Does anyone know how often Dish updates their remote control codes for new products?

I have tried all codes listed for the Onkyo receiver and the auto scan feature with no luck. The remote is about a year and a half old. I am OK with the Harmony 880 but the wife is not. She prefers the Dish remote. Will a new Dish remote include updated codes?


----------



## steelhorse (Apr 27, 2004)

Don't know what dish remote you have, but the built in codes work with onkyo.


----------



## deffers (Jan 11, 2006)

I have the 5.3 Remote which orginally shipped with the 622 back in March/April of 2006. The Onkyo SR-805 receiver, I believe starting selling sometimes this year.
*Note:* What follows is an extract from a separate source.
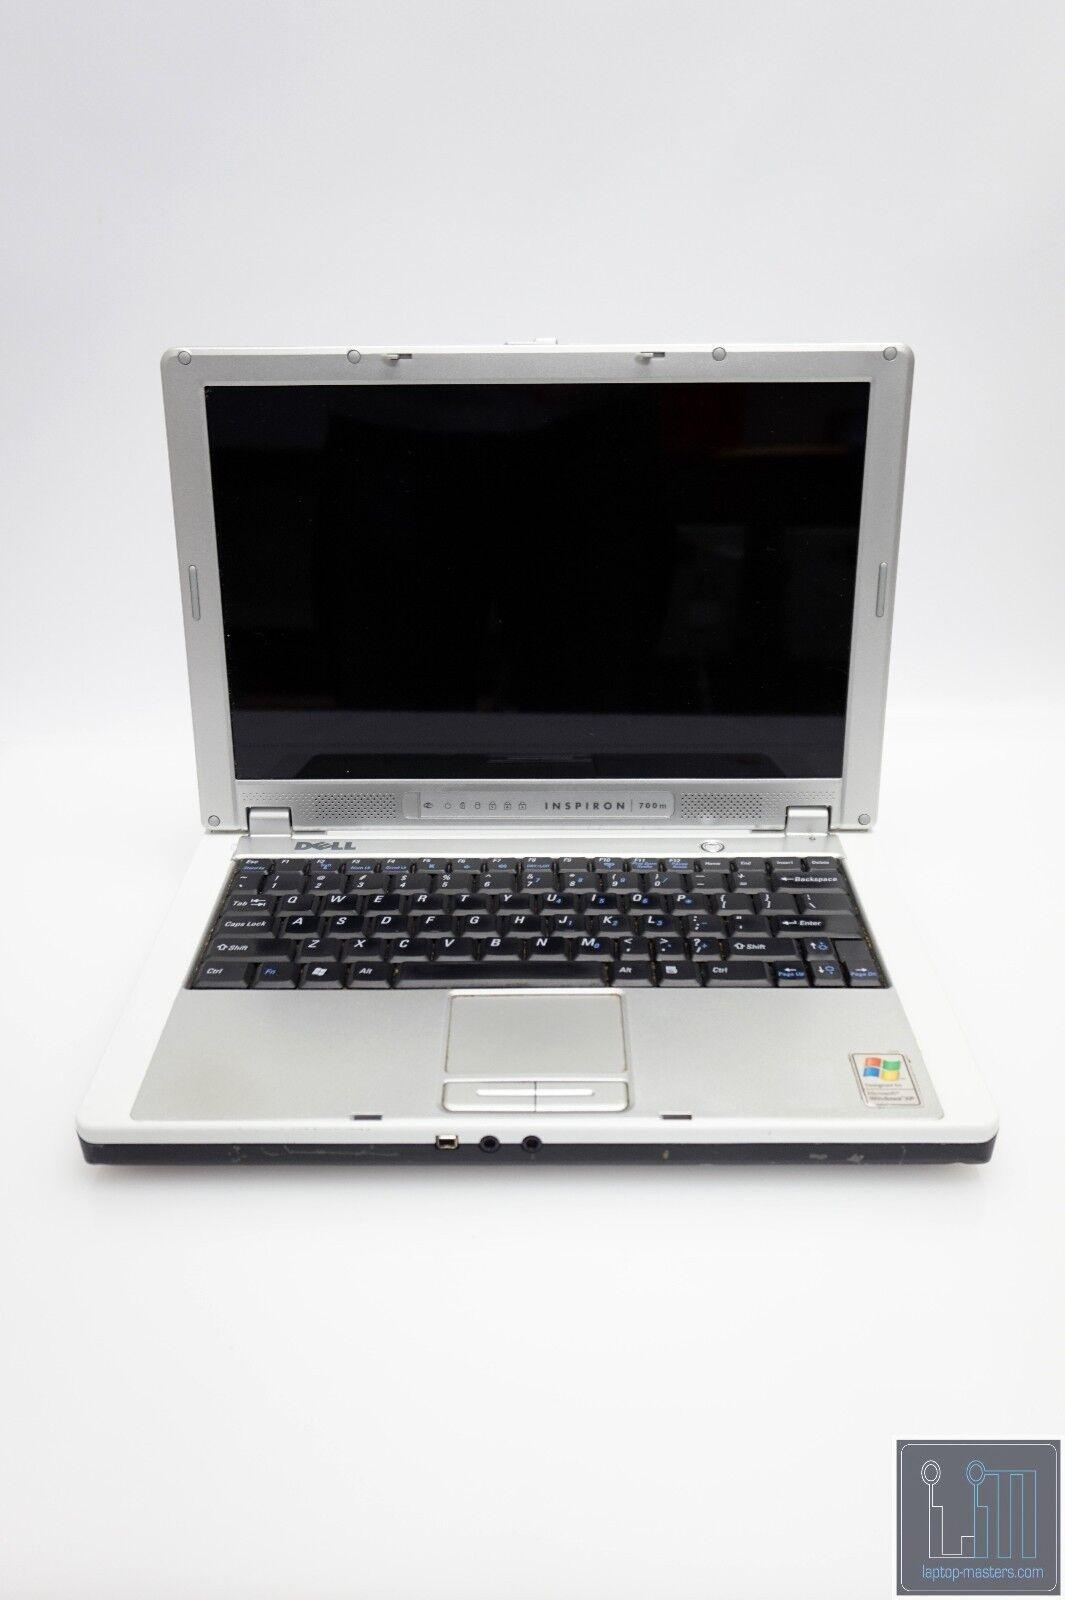 "Dell Inspiron 700m 12.1"" Intel Pentium M Laptop No RAM No HD No Battery AS IS"
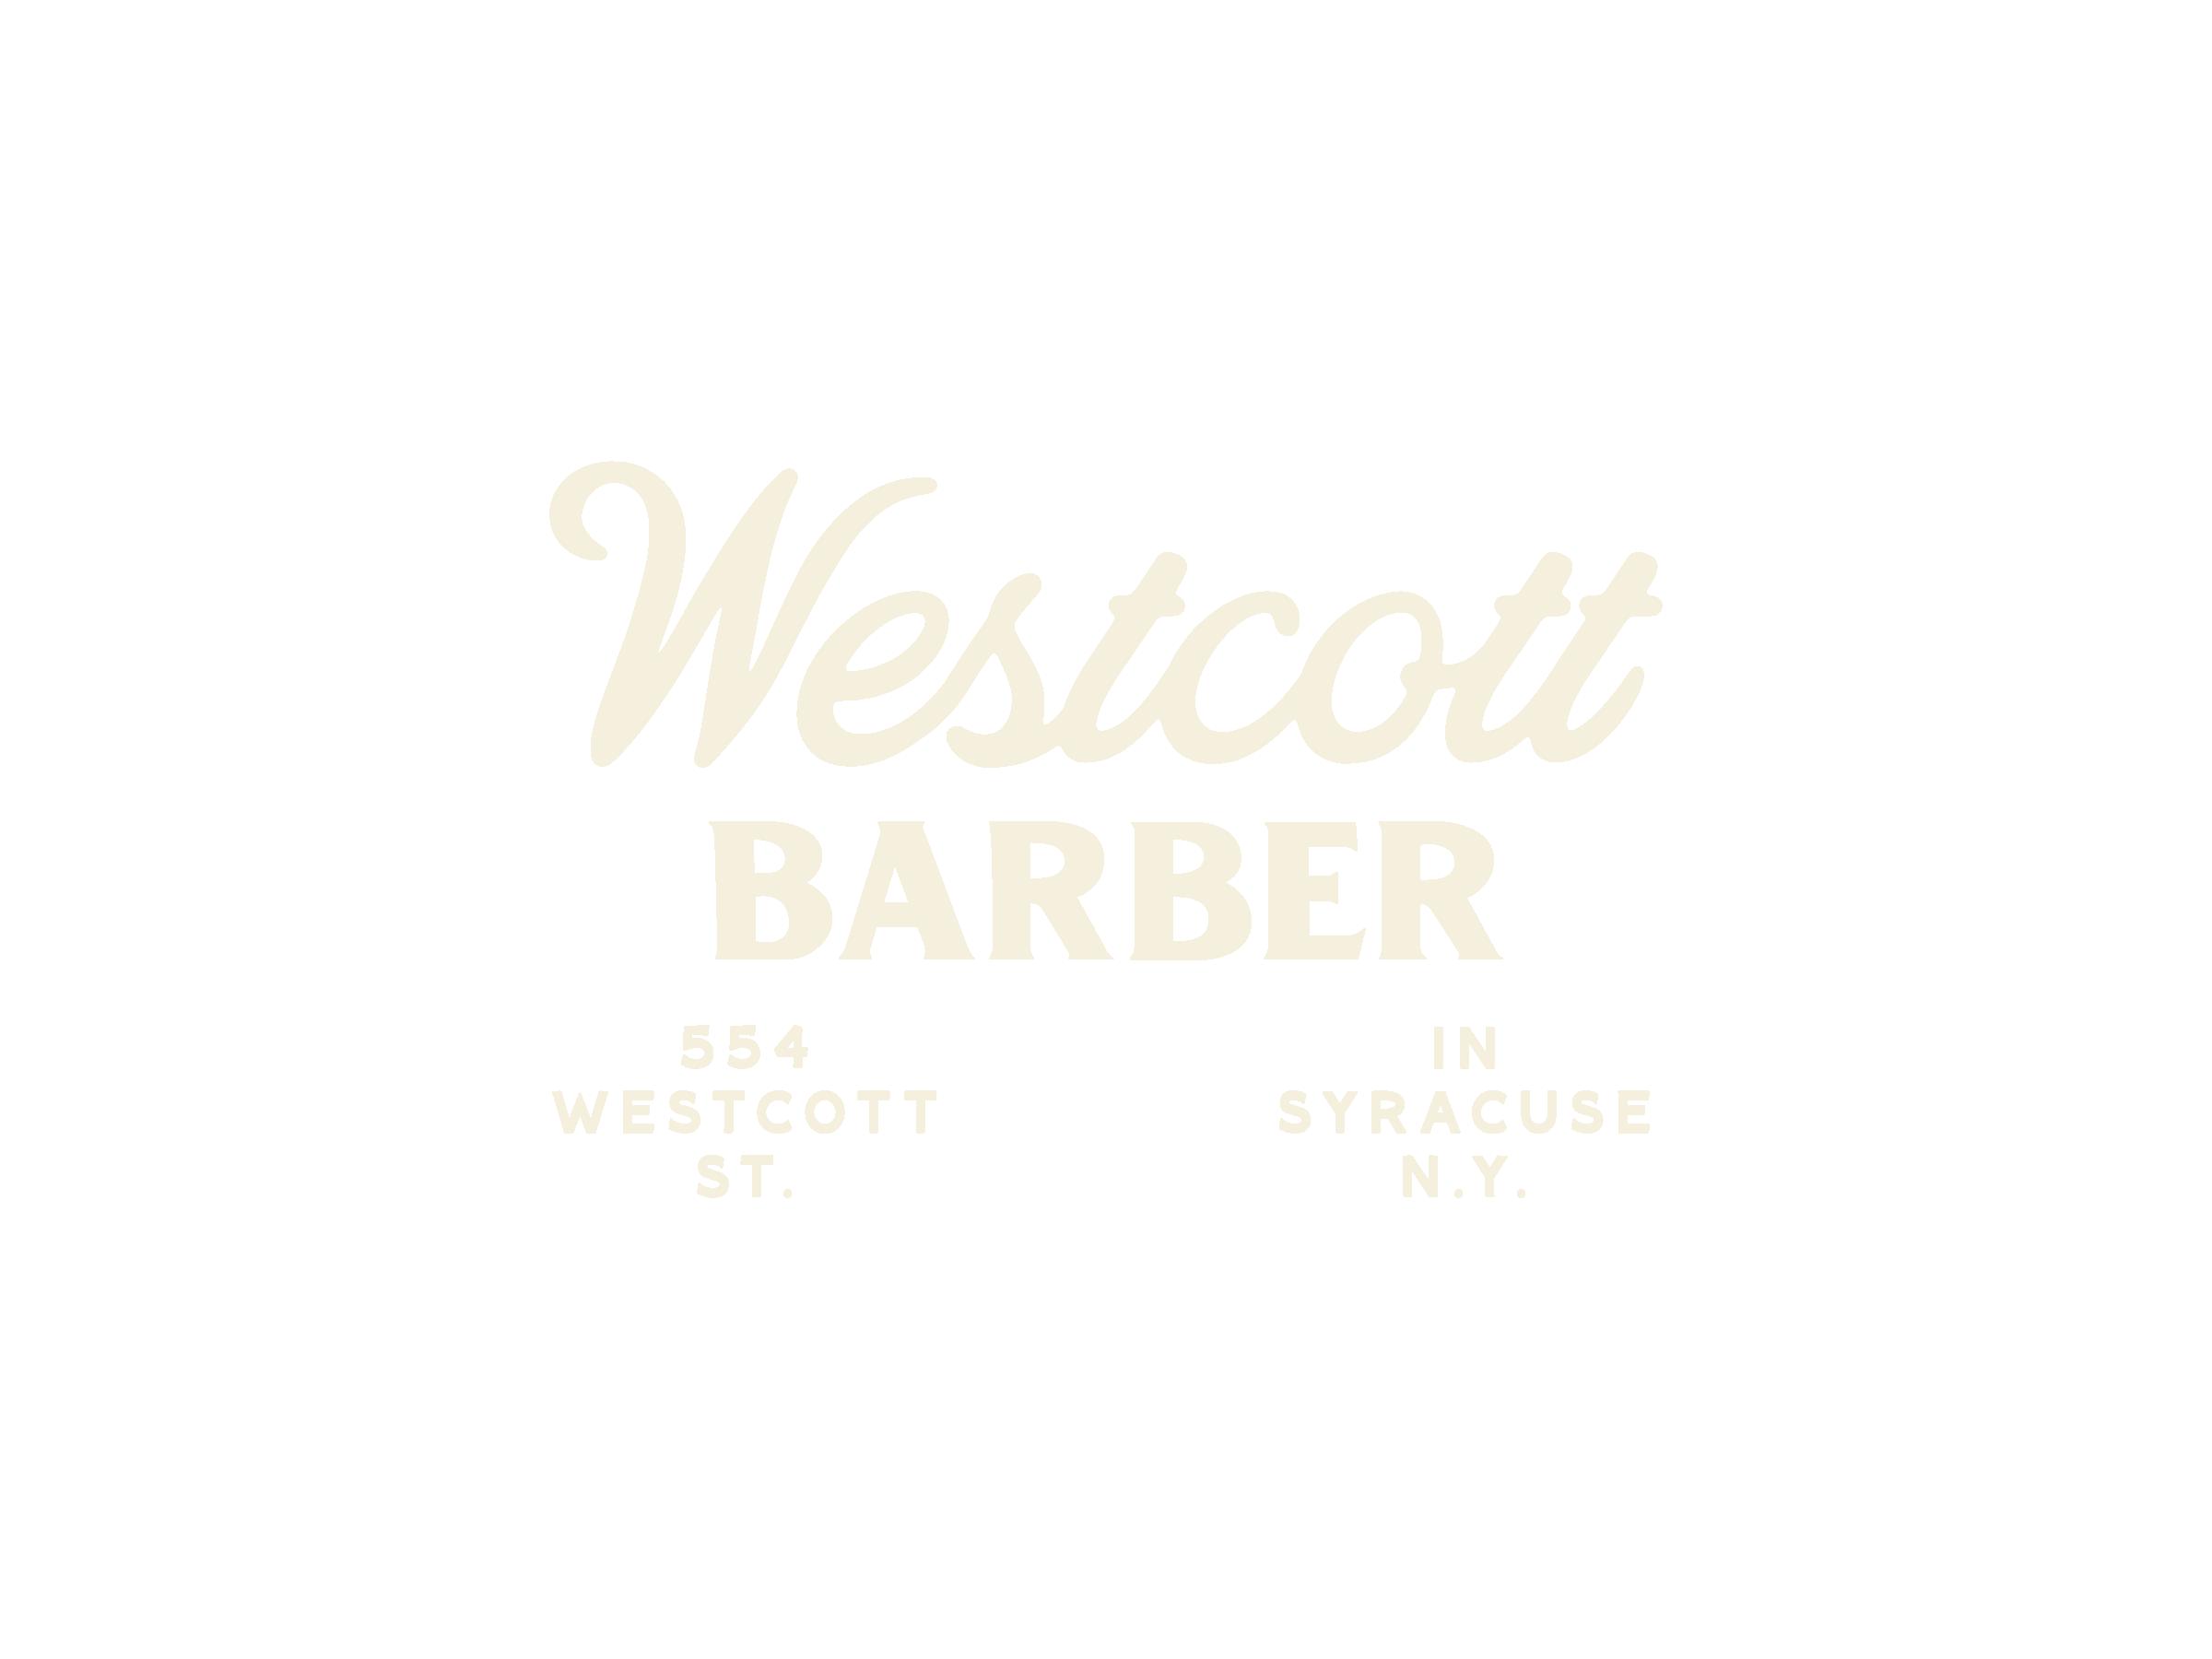 WESTCOTT BARBER

The only codes listed in the manual are:
Onkyo Amplifiers 642, 660, 662, 678 

I can't get any of those codes to work. All I really need is power on/off and vol. up/dn to work.


----------



## mvideo (Jan 1, 2008)

I also have the 622 with the Onkyo 805 amp , and the 5.3 remote. Anyone know how to get the remote to work with this amp?


----------



## HobbyTalk (Jul 14, 2007)

One of the codes will control the volumn and turn it on.... but it will not turn it off.


----------



## deffers (Jan 11, 2006)

Thank you very much Hobby. Code 642 did the trick and also works the mute button.

Thanks again.


----------



## mvideo (Jan 1, 2008)

deffers said:


> Thank you very much Hobby. Code 642 did the trick and also works the mute button.
> 
> Thanks again.


How do I enter code 642?? thanks

Mitch


----------



## HobbyTalk (Jul 14, 2007)

Instructions are in the owners manual.. page 75.


----------



## mvideo (Jan 1, 2008)

HobbyTalk said:


> Instructions are in the owners manual.. page 75.


Thanks...


----------